Task to carry out:
Each line in the material below must be transcribed exactly; no picture belongs in the copy.

Information shown:
[Start of Attachment]
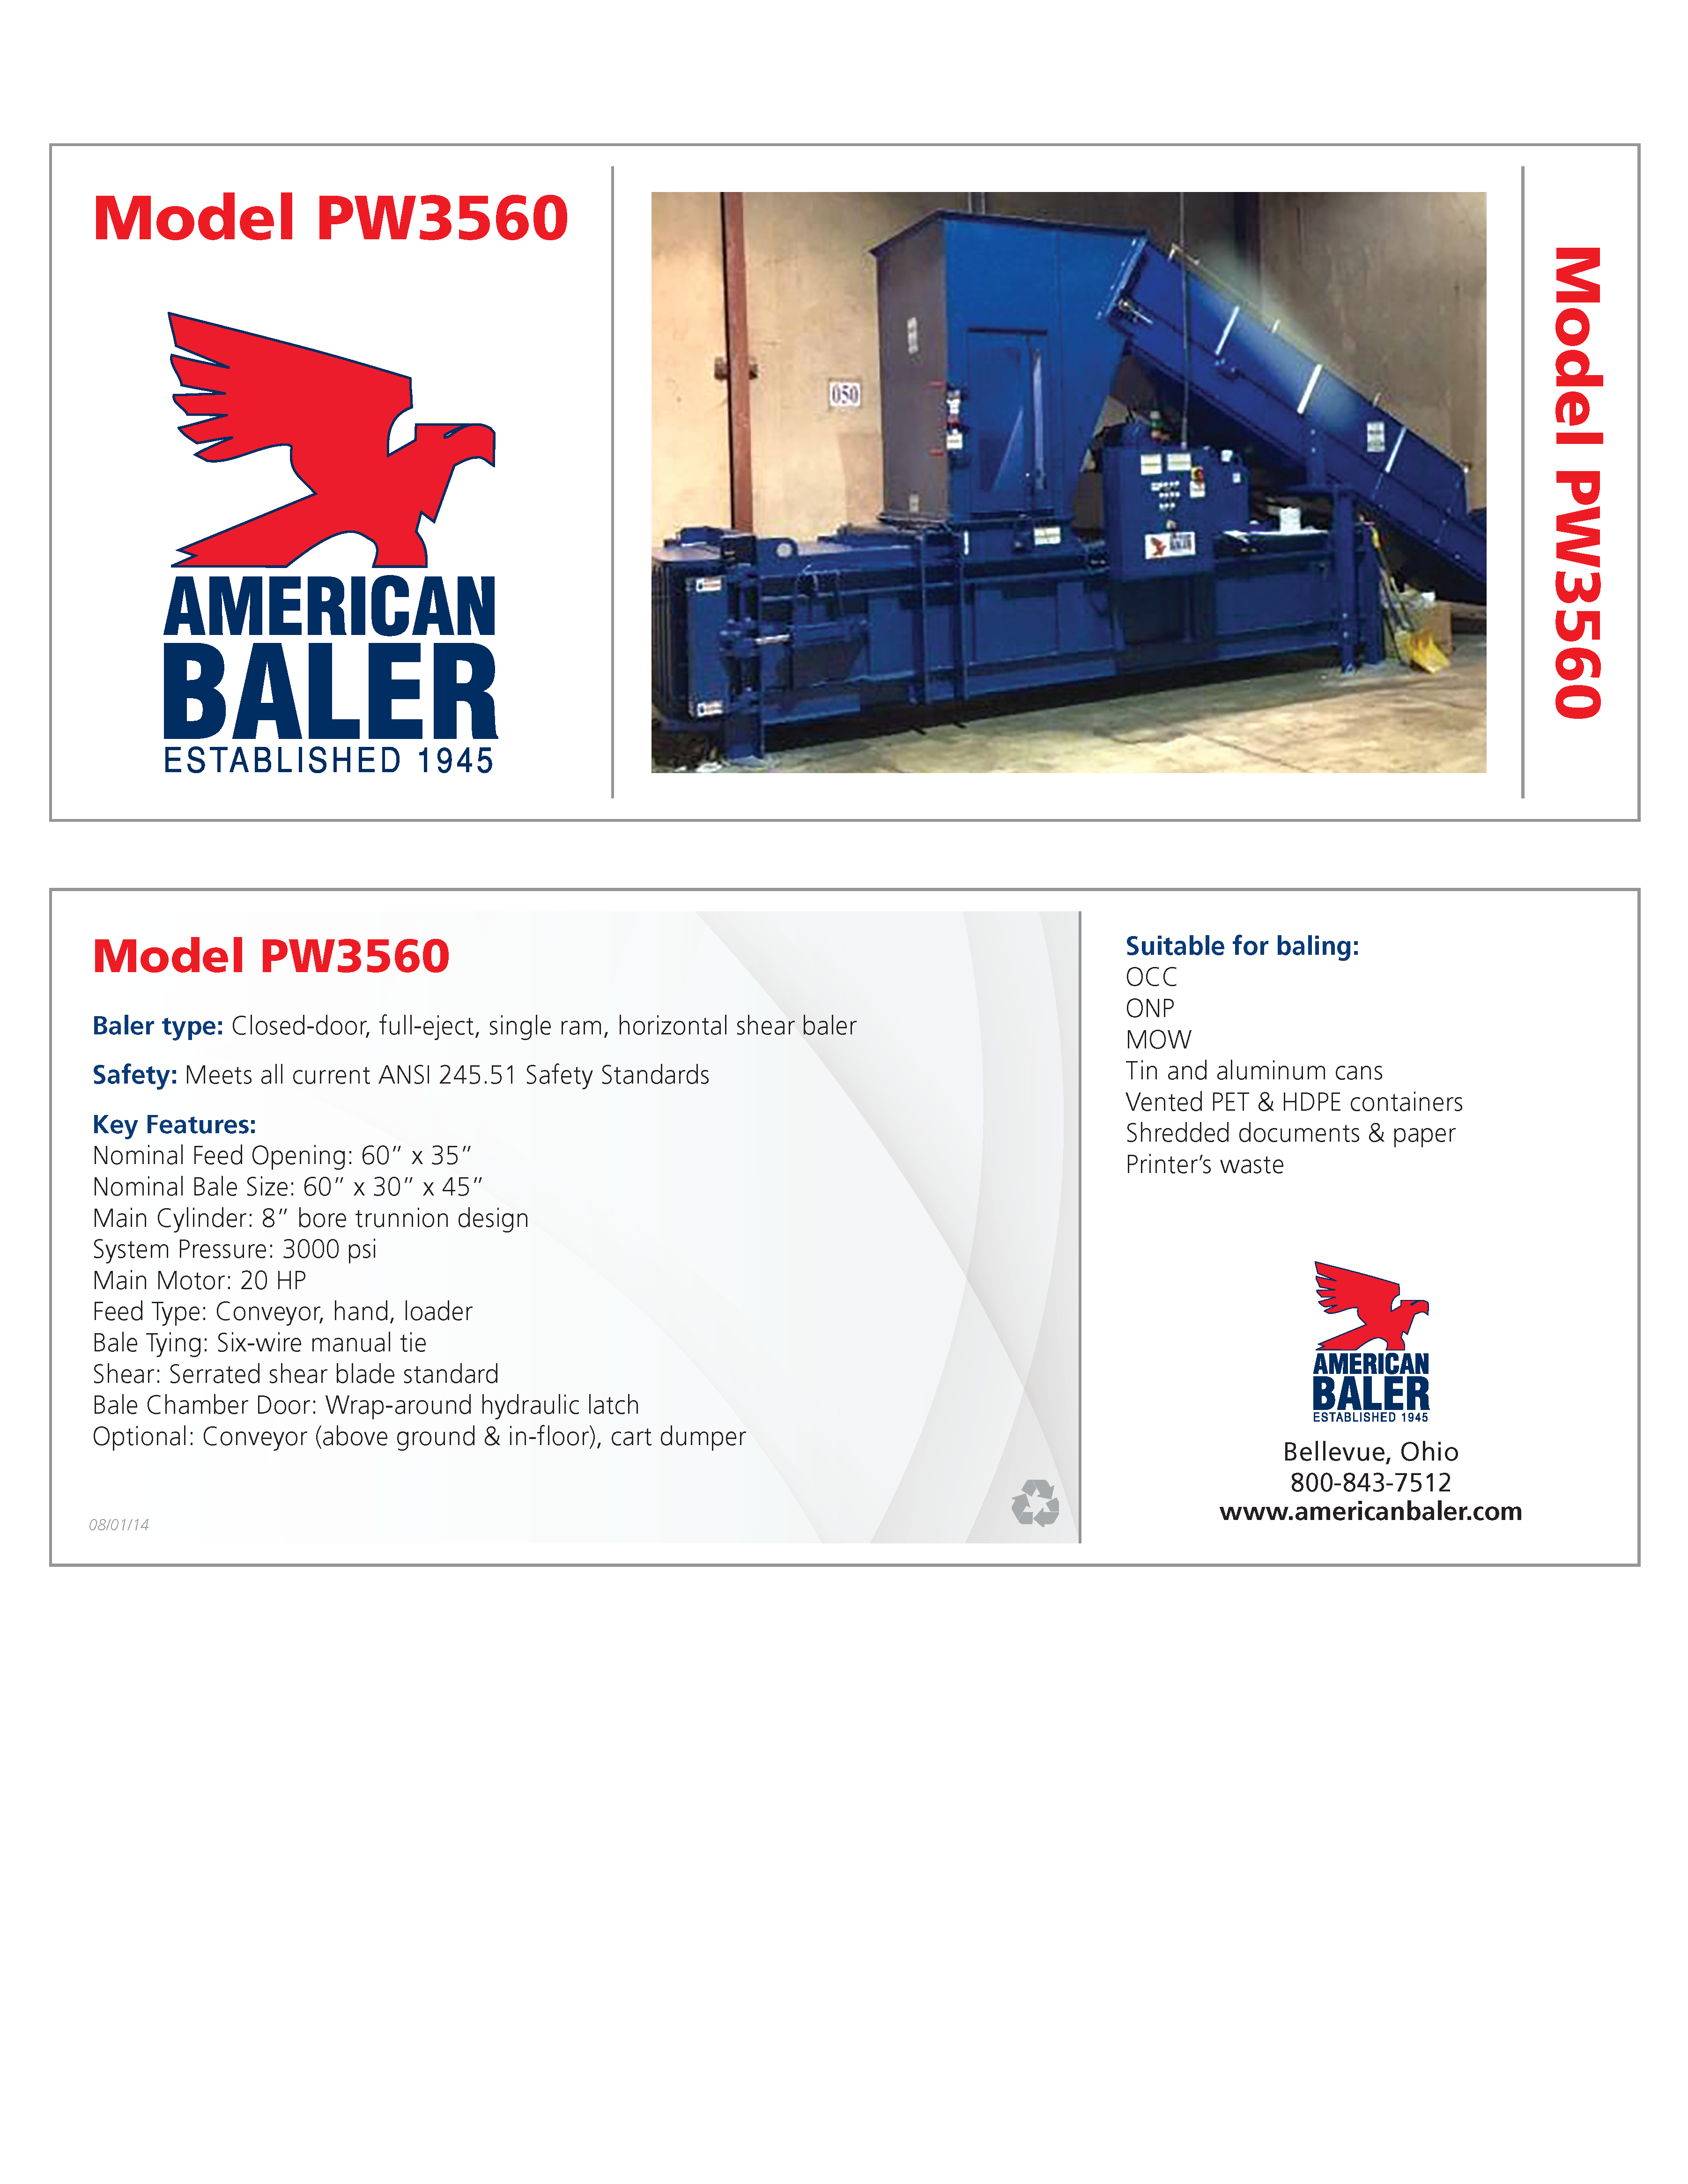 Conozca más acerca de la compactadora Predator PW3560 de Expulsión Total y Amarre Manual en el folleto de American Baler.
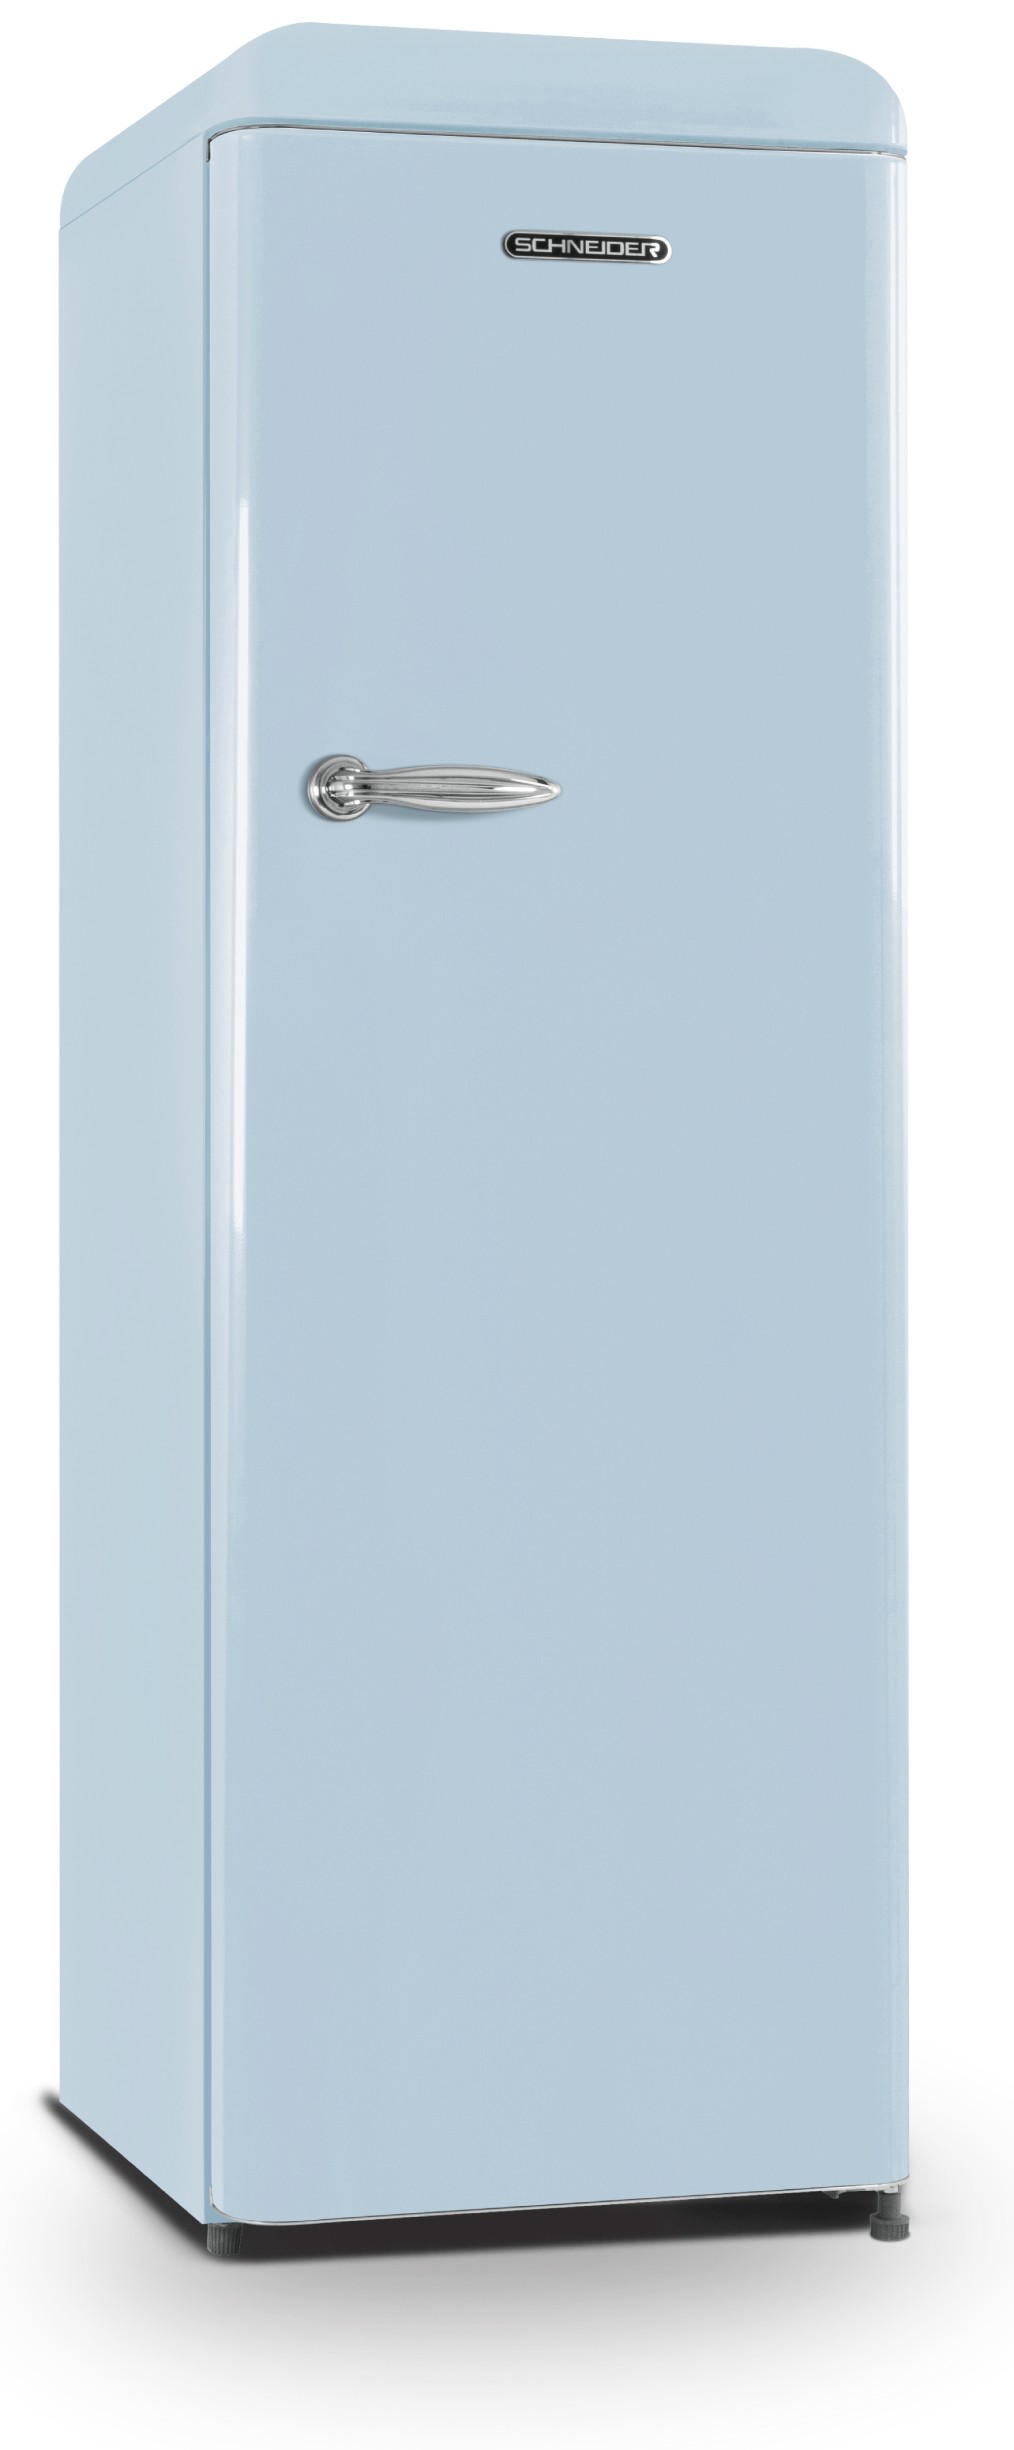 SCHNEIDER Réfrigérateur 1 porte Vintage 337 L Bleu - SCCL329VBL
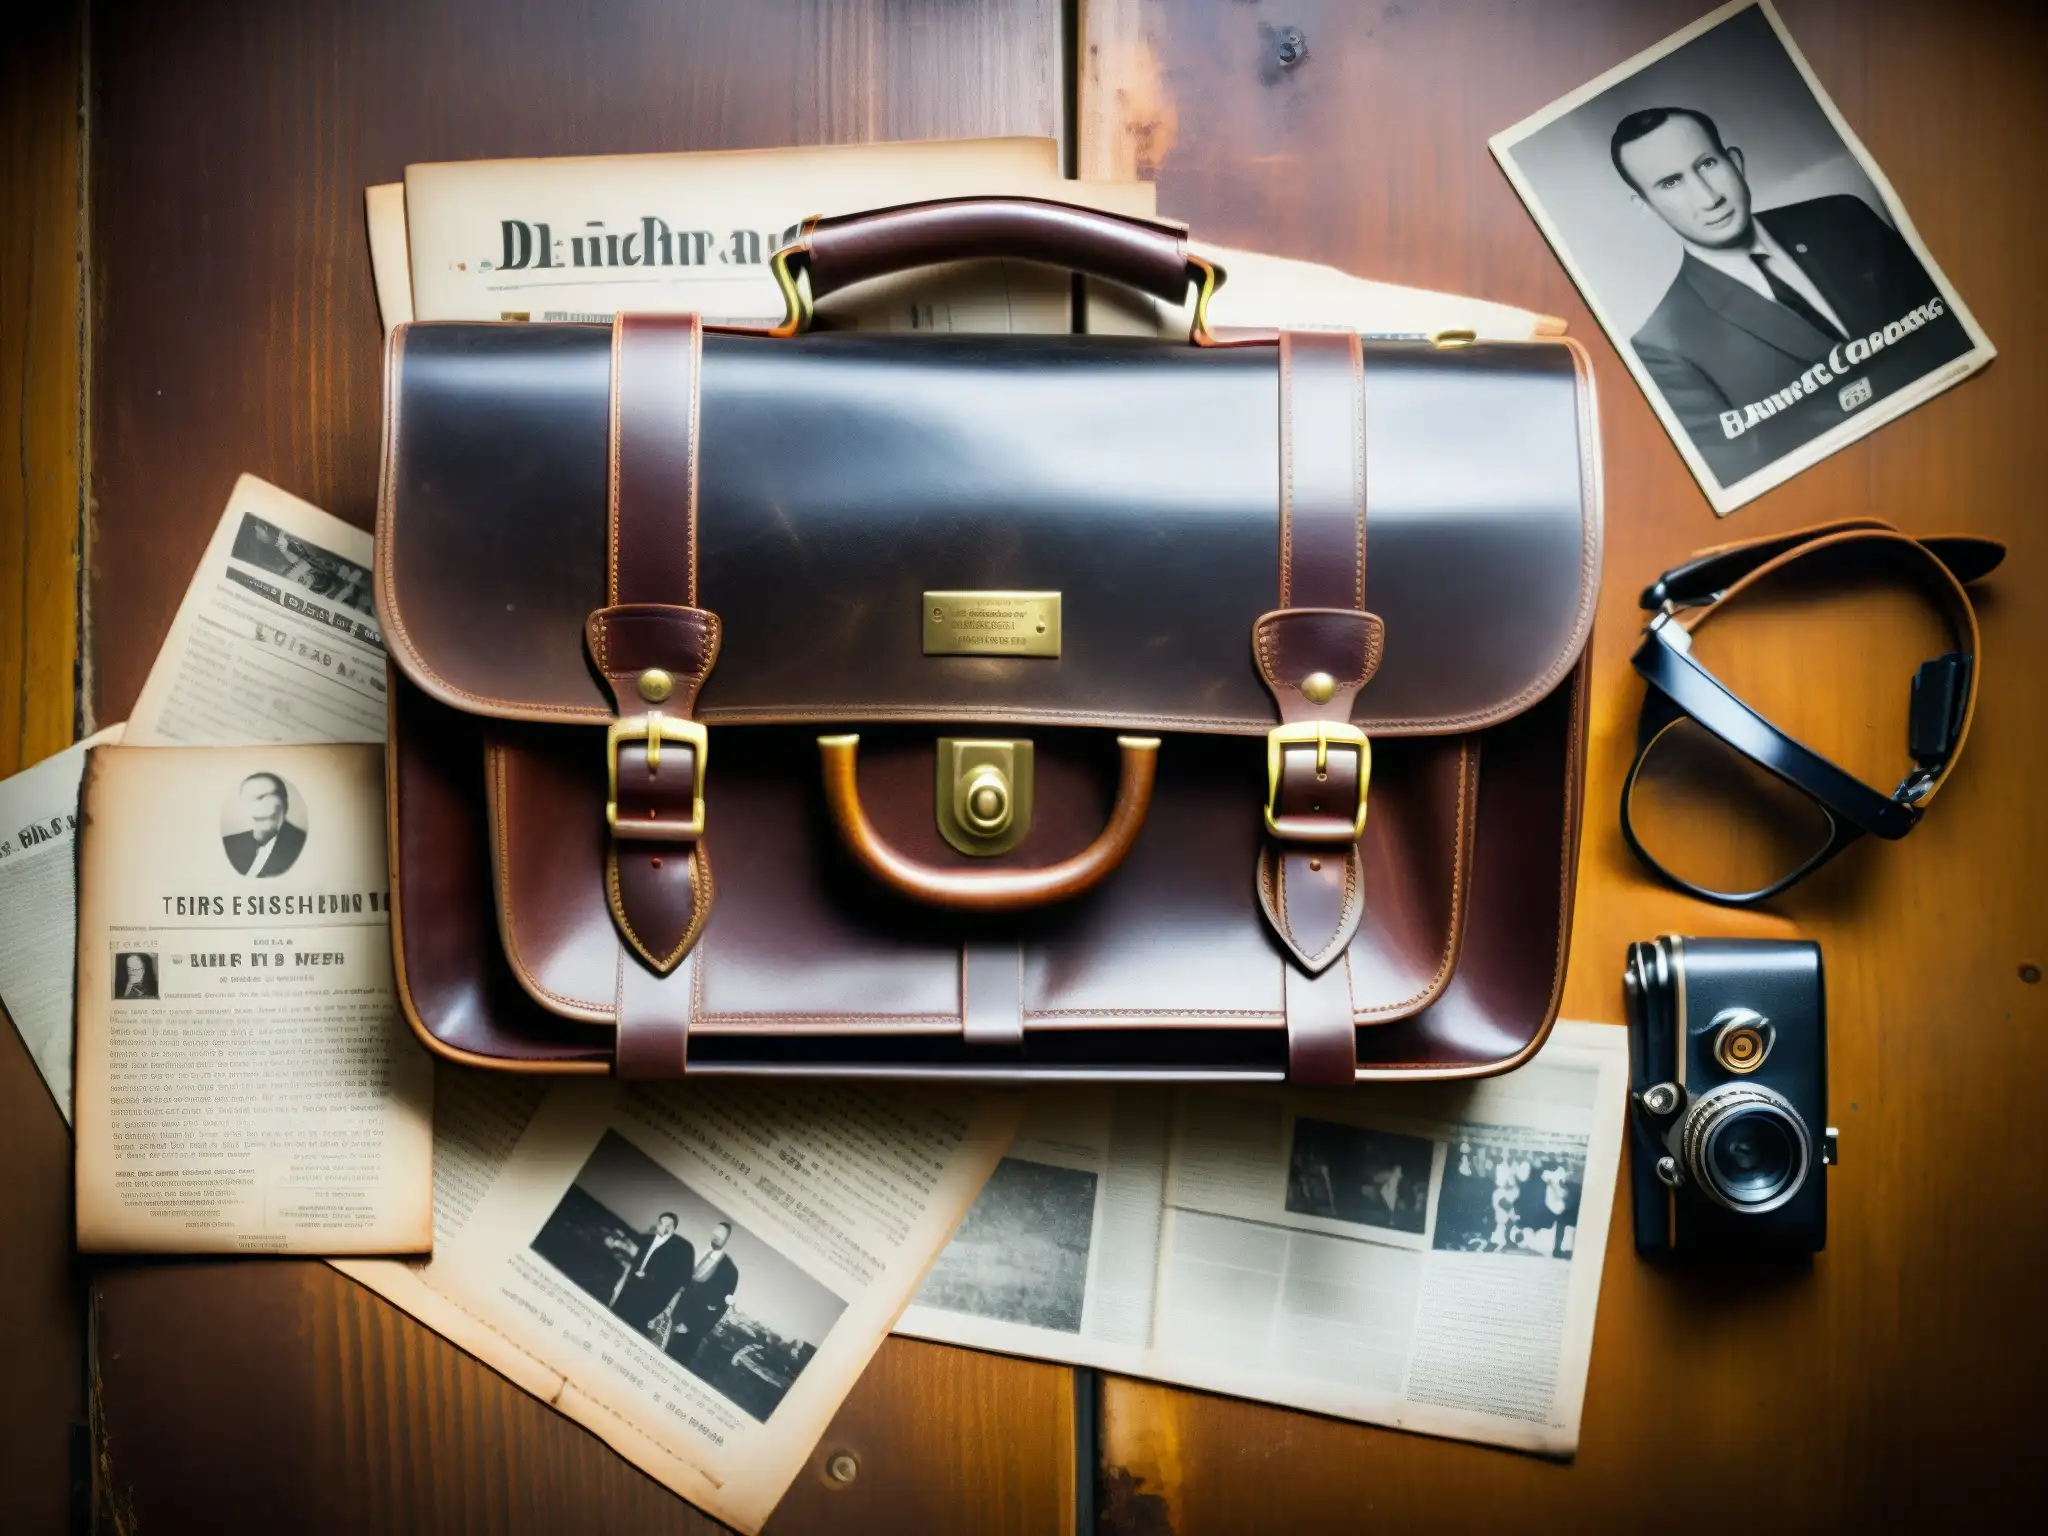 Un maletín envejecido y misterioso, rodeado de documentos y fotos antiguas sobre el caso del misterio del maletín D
[End of Attachment]
Expected answer:
 Conozca más acerca de la compactadora Predator PW3560 de Expulsión Total y Amarre Manual en el folleto de American Baler.
 SCHNEIDER Réfrigérateur 1 porte Vintage 337 L Bleu - SCCL329VBL
 Un maletín envejecido y misterioso, rodeado de documentos y fotos antiguas sobre el caso del misterio del maletín D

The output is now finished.